Review: Don’t fall for Rishi Sunak’s Prime Minister symbolism


Editor’s note: Kehinde Andrews He is Professor of Black Studies at Birmingham City University and author of The New Age of Empire: How Racism and Colonialism Still Rule the World. The opinions in the comment are his own. See more reviews on CNN.



CNN

Britain welcomed its first non-white prime minister, Rishi Suna, a practicing Hindu, on the first day of the Diwali festival. You’d be forgiven for thinking this is a ray of light for race relations, and it’s already being heralded as a “historic moment”, marking a change since Suna was born in 1980 when there were no black or Asian members of Parliament. .

Unfortunately, rather than a sign of progress, this is a serious case of being careful what you wish for.

For starters, we should remember that Suna was not elected—he was accepted after the other conservative candidate for the top job failed to meet the nomination threshold—so that tells us little about voter attitudes toward racial minority candidates.

Indeed, in Sunak’s only public vote for leadership, among members of the Conservative Party, he lost convincingly to perhaps the most inappropriate prime minister the country has ever seen, Liz Truss.

It is remarkable that members of Parliament were so keen on Monday to ensure Sunak was unopposed that there is no better certainty that he would fare better in a second poll later in the week with the Conservative Party’s broader, disproportionately white, male and older membership. .

Sunak was heavily backed by conservative members of parliament, who rallied to install him as leader. This is his constituency, which he really represents.

The current iteration of the Tories lacks even the pretense of compassion. This is the party that voted behind the xenophobic “Little England” Brexit campaign, which promised to keep foreigners out and restore Britain to its former (colonial) glory.

This is the party that brought in the most racist immigration laws in British history, including the hostile environment that led to the Windrush scandal and the recent plan to deport asylum seekers to Rwanda.

It is the party that commissioned the report claiming that institutional racism no longer exists. It is the party that brought in a police bill that would impose the biggest penalty for state damage in 10 years, more than some offenders have been sentenced for rape, according to the Labor Party.

Suna is not directly aware of any of these policies, but fully supports them. In his failed leadership campaign, he reaffirmed his Rwandan policy and sought to promote his anti-awakening credentials by condemning those who were trying to suppress traditional British values.

Sunak has a degree in philosophy, politics and economics from Oxford University and made a fortune in investment banking before joining one of the most right-wing governments in history.

He backed Brexit, wants to cut taxes and is expected to introduce a new round of austerity to balance the books.

Just because his skin is brown and his parents are immigrants doesn’t mean he automatically has any affinity with the millions of black and brown citizens who are victims of his party and its policies. His rise through the ranks of the Conservative Party proves that race doesn’t matter if you wholeheartedly support the party line.

It may be tempting to fall into symbolism, but Sunake does not represent Britain’s racial minorities. Migrant histories are too varied for a single person to do so.

The British Empire was vast, with a range of experiences that influence communities today. Sunak’s parents came from India from East Africa. The British invited Indian immigrants to the African continent almost to act as a buffer between the natives and the colonizers. (And as a source of cheap labor).

The relative prosperity of Indians on the continent and the tension of many anti-black attitudes came to a head when Idi Amin seized power in Uganda and expelled the Asians from the country in 1972.

This migration history is so different for those who migrated directly from India or Pakistan and Bangladesh that it is foolish to expect it to represent all Asians in Britain.

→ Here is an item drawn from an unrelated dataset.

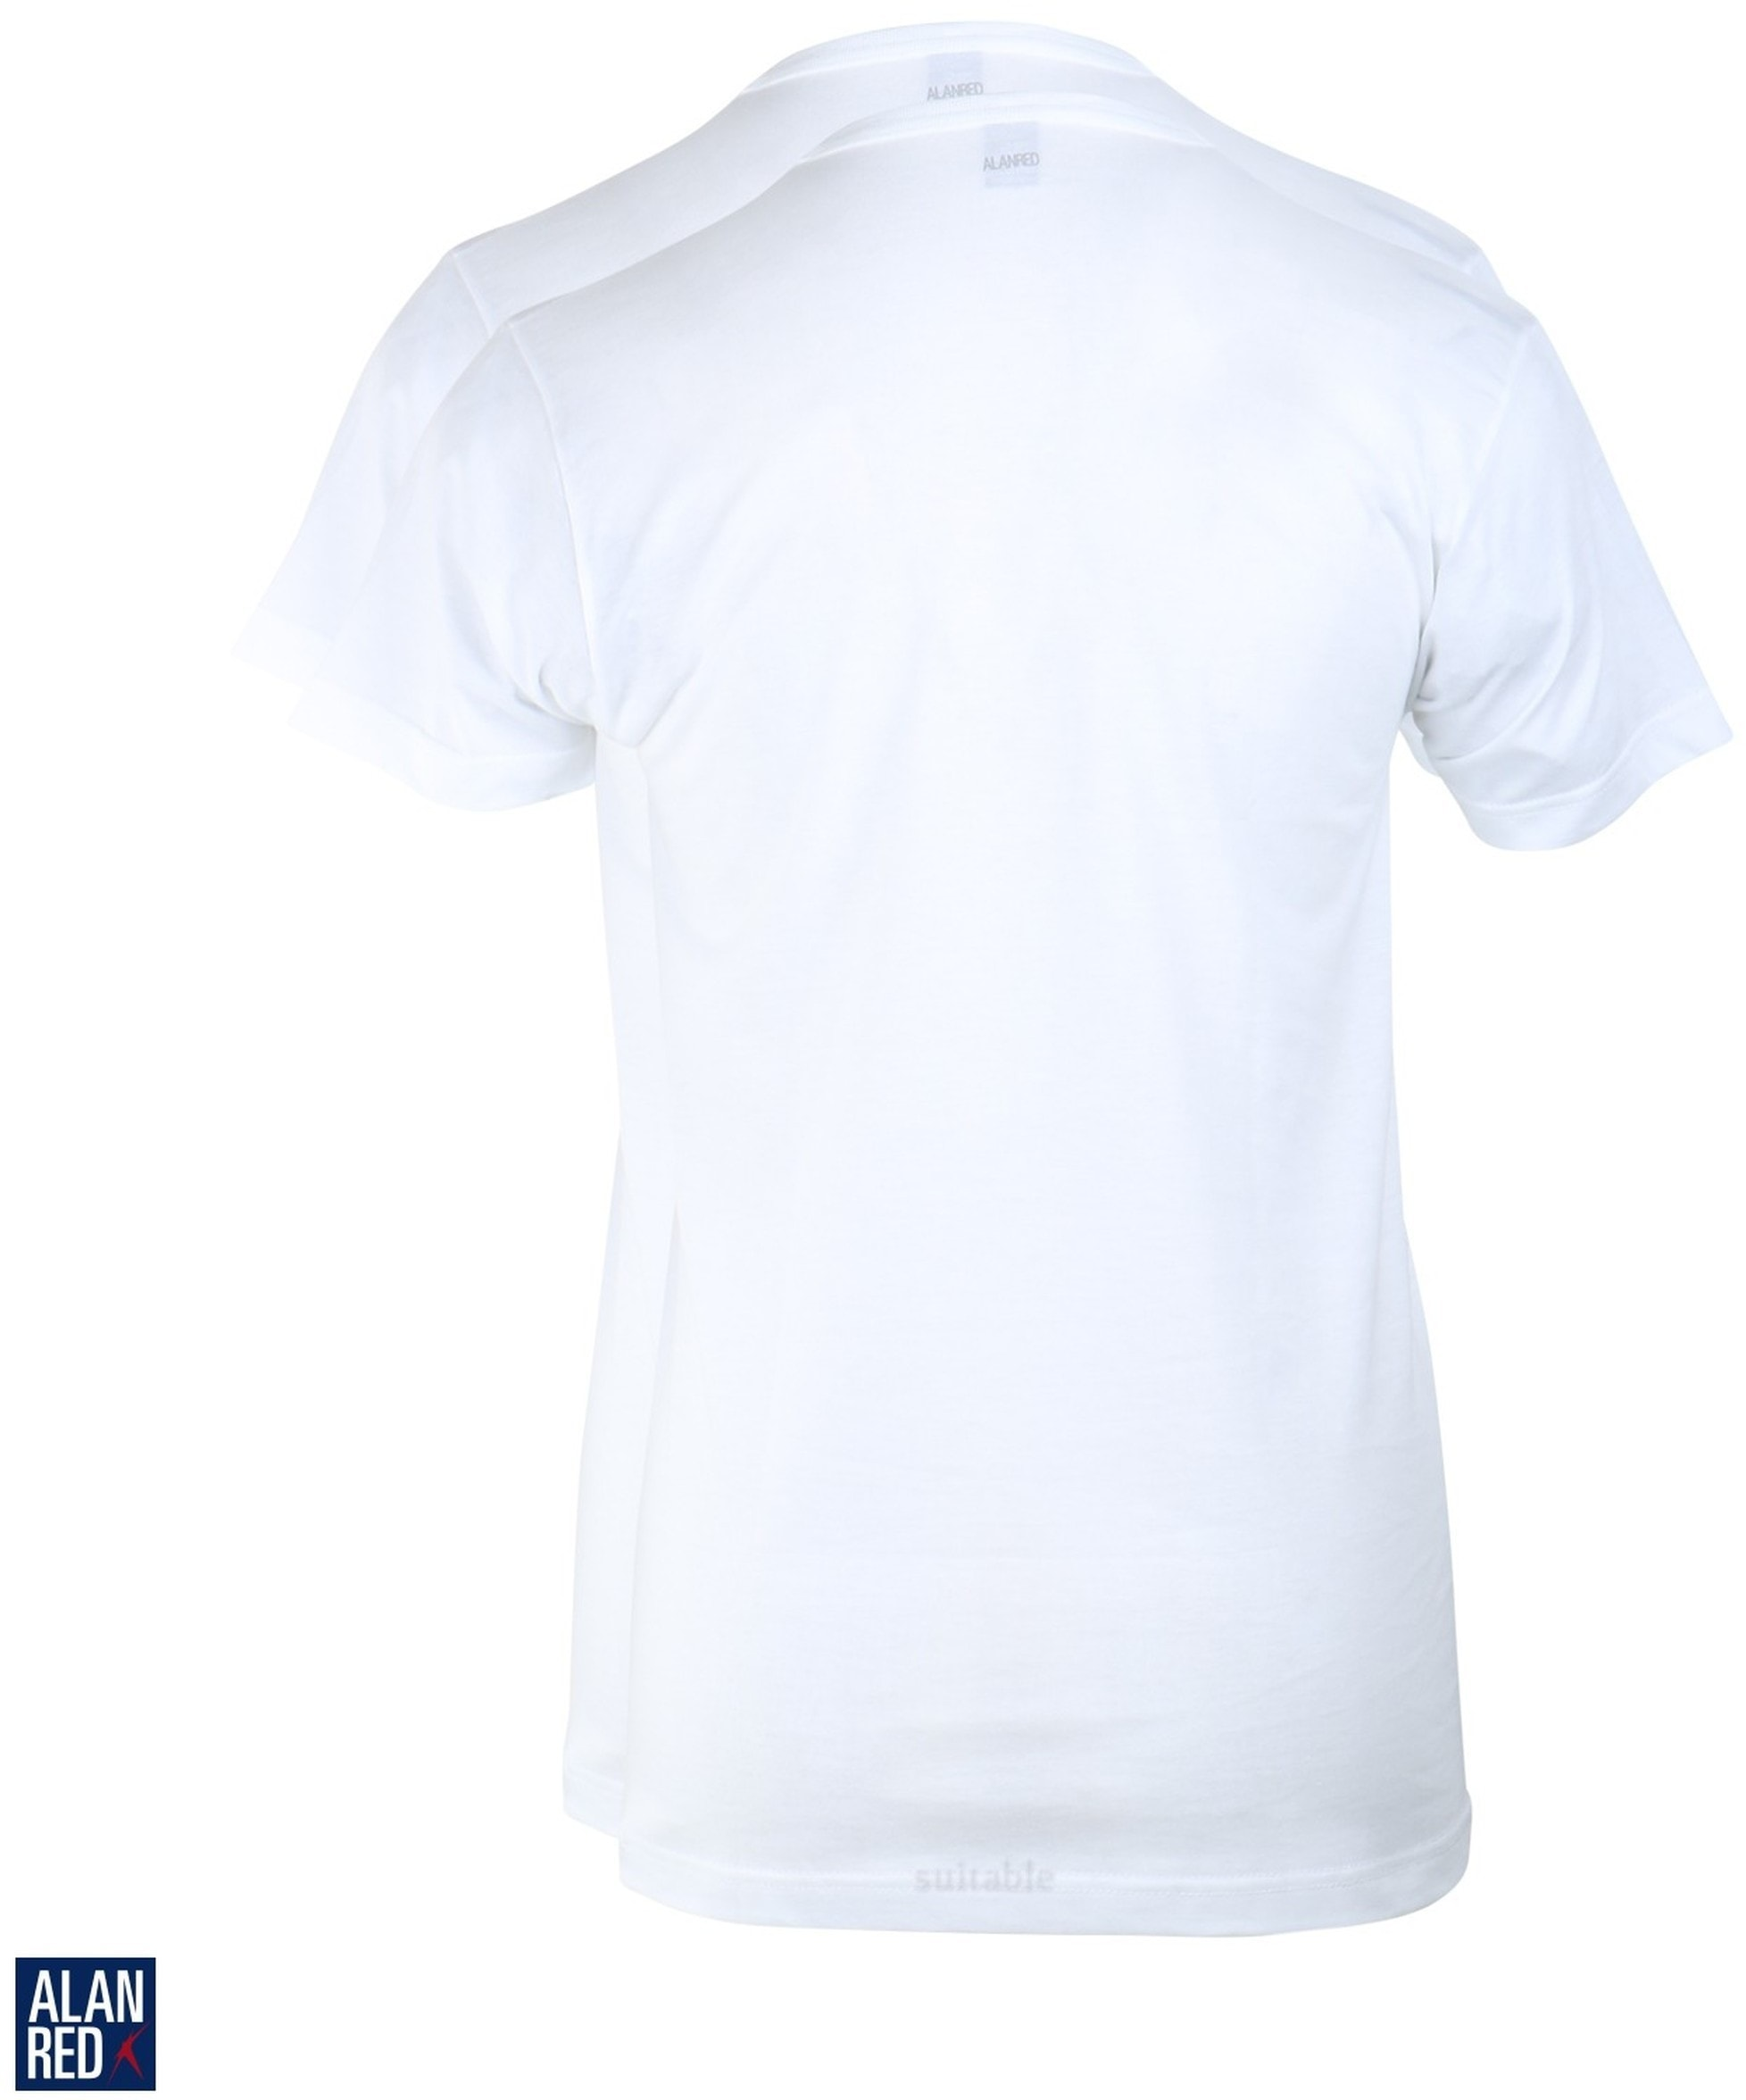 Alan Red West-Virginia T-shirt V-Hals Wit (2Pack) foto 1

Race relations are much more complex than white and non-white. There are various attitudes, histories and controversies that imply that the only people Suna can represent are conservative politicians.

Unfortunately, conservatives have learned to play identity politics to perfection. Elevating racial minorities to prominent positions provides diversity to hide the party’s racist policies.

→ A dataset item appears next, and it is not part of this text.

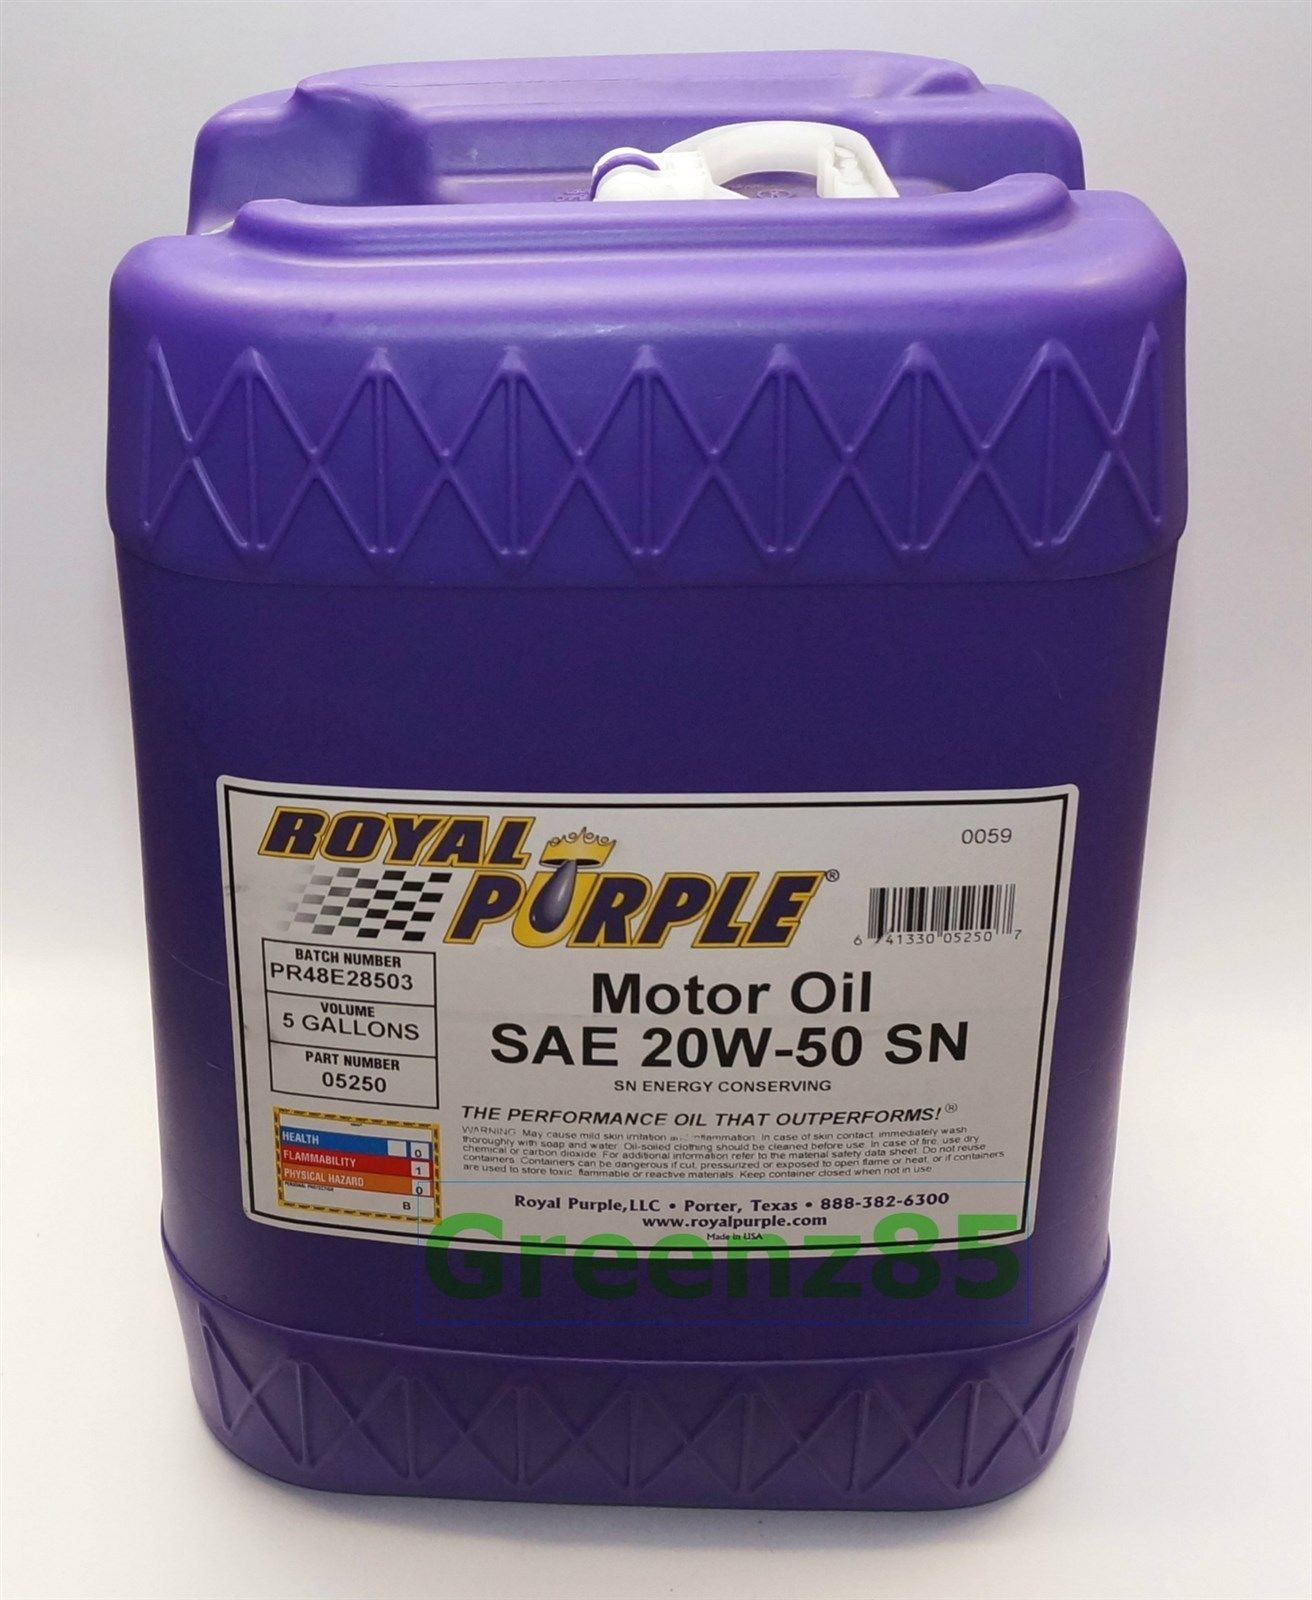 Royal Purple 20w 50 Synthetic Motor Oil 05250 5 Gallon Pail

It cannot be a coincidence that the agenda for racist immigration policies has been delivered by a retinue of Asian home secretaries. It is almost impossible to imagine a white politician proposing to deport immigrants to Rwanda, but Priti Patel, whose parents are Ugandan Indians, could get away with such draconian measures without being accused of racism.

It was no coincidence that the most prominent defender of Britain’s whitewashed school curriculum was Kemi Badenoch, whose family is Nigerian, and when she was equalities minister, she used her Black History Month speech to defend Britain’s colonial history and declare it illegal for schools. To talk about White Privilege.

It is a terrible irony that the more diverse the Cabinet, the more at risk black and brown citizens find themselves. I am truly terrified of the prospect of Sunake becoming Prime Minister, because when the Prime Minister of this Conservative Party is brown, anything becomes possible.

It tells the nature of the threat that when I really have hope, he feels the need to surround himself with crappy white men to prove his credentials.

So please don’t celebrate. This is certainly the case when diversity is antithetical to racial progress.